Damit ist das Problem, dass Deutschland am Energie-Tropf von Russland hängt, aber noch nicht gelöst…
Natürlich müssen wir unsere Versorgungswege und -quellen diversifizieren. Unsere Abhängigkeit von Russland ist bei allen fossilen Brennstoffen zu hoch. Bei Kohle und Öl wird der Wechsel der Bezugsquellen relativ zügig möglich sein. Und auch beim Erdgas wird das etwa durch einen stärkeren Rückgriff auf verflüssigtes Erdgas, das per Tankschiff geliefert wird, gelingen. Allerdings wird das etwas länger dauern.
Kurzfristig gibt es noch Potentiale im Bereich Biogas, die wir heben sollten, unter anderem durch den Anschluss von bestehenden Biogasanlagen an die Gasverteilnetze.
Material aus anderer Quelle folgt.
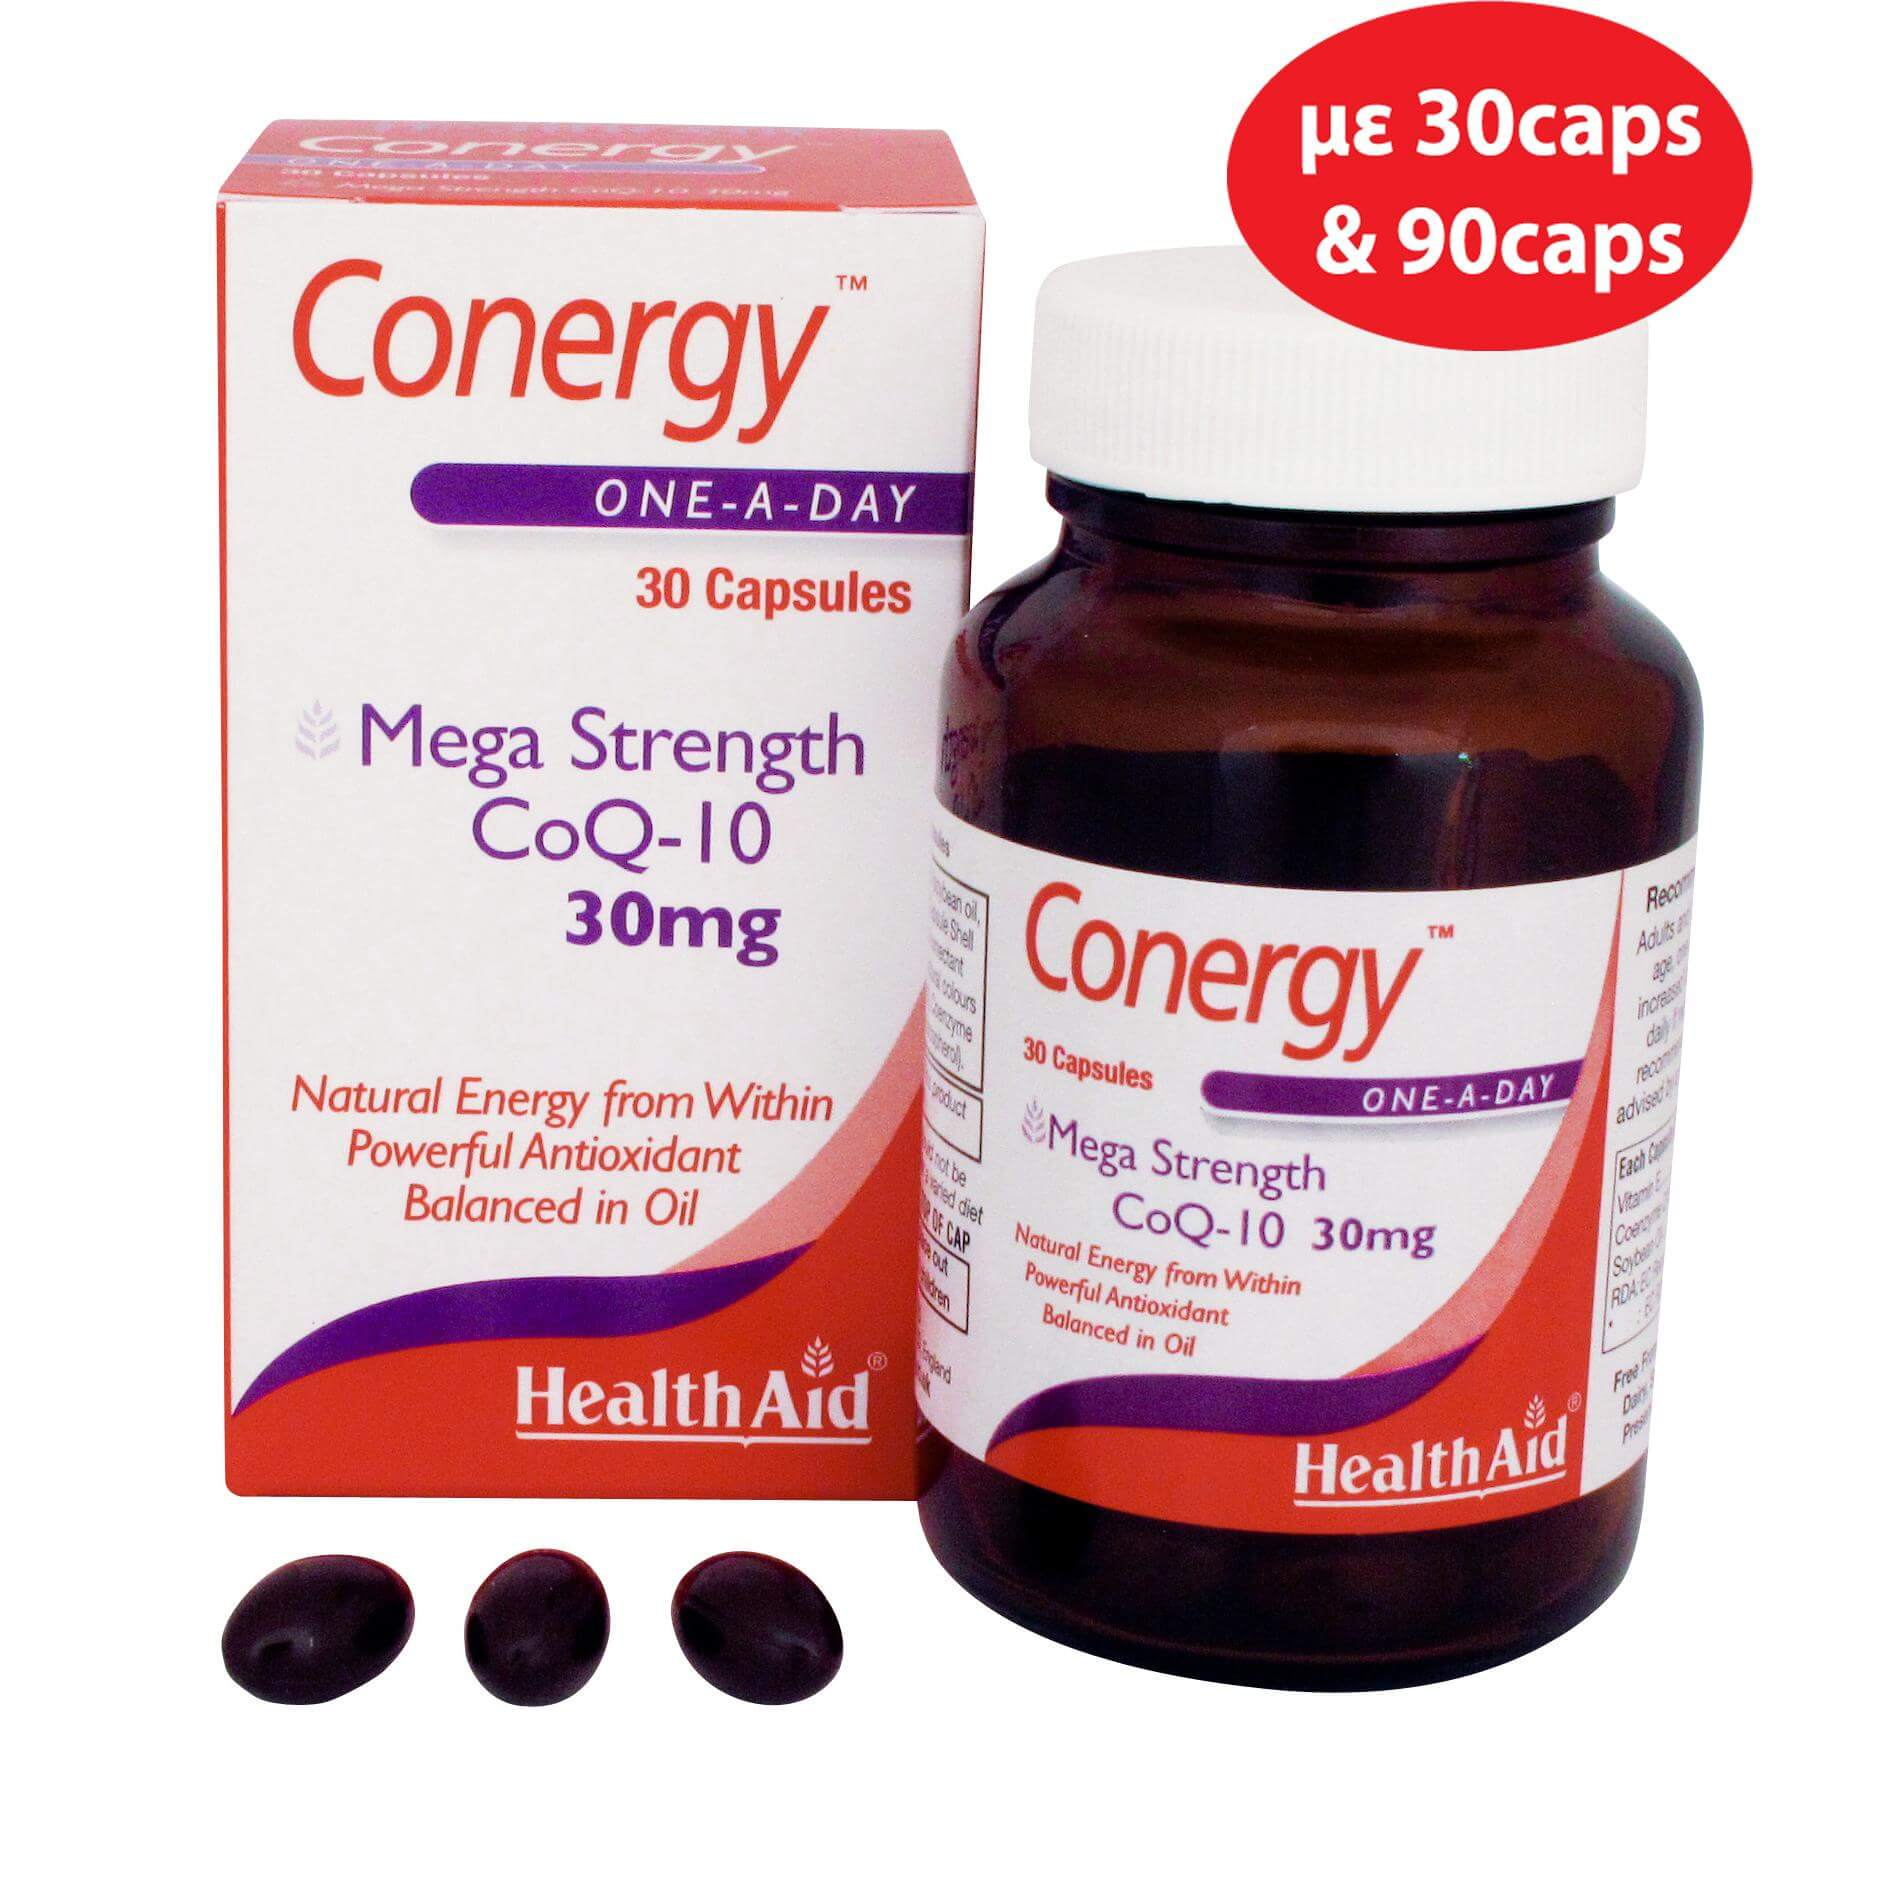 Health Aid Conergy Coq10 30Mg Συνένζυμο Q10 Απελευθερώνει Ενέργεια – Antioxidant 90caps

Zudem brauchen wir künftig Wasserstoff in großen Mengen, um unsere Klimaziele zu erreichen. Und auch den müssen wir zumindest teilweise importieren. Alles in allem bleibt die Versorgungssicherheit mittelfristig eine Herausforderung.
Um Wasserstoff herzustellen, braucht man große Mengen Ökostrom oder Erdgas. Beides haben wir nicht ausreichend. Ist die Wasserstoff-Wende nicht in weiter Ferne?
Ganz im Gegenteil. Die Ukraine-Krise ist ein Weckruf für eine deutlich beschleunigte Energiewende, in deren Folge wir grünen Wasserstoff selbst im Land produzieren können. Wir brauchen diesen Energieträger, um etwa die Schwerindustrie und den Transport-Sektor nachhaltig aufzustellen.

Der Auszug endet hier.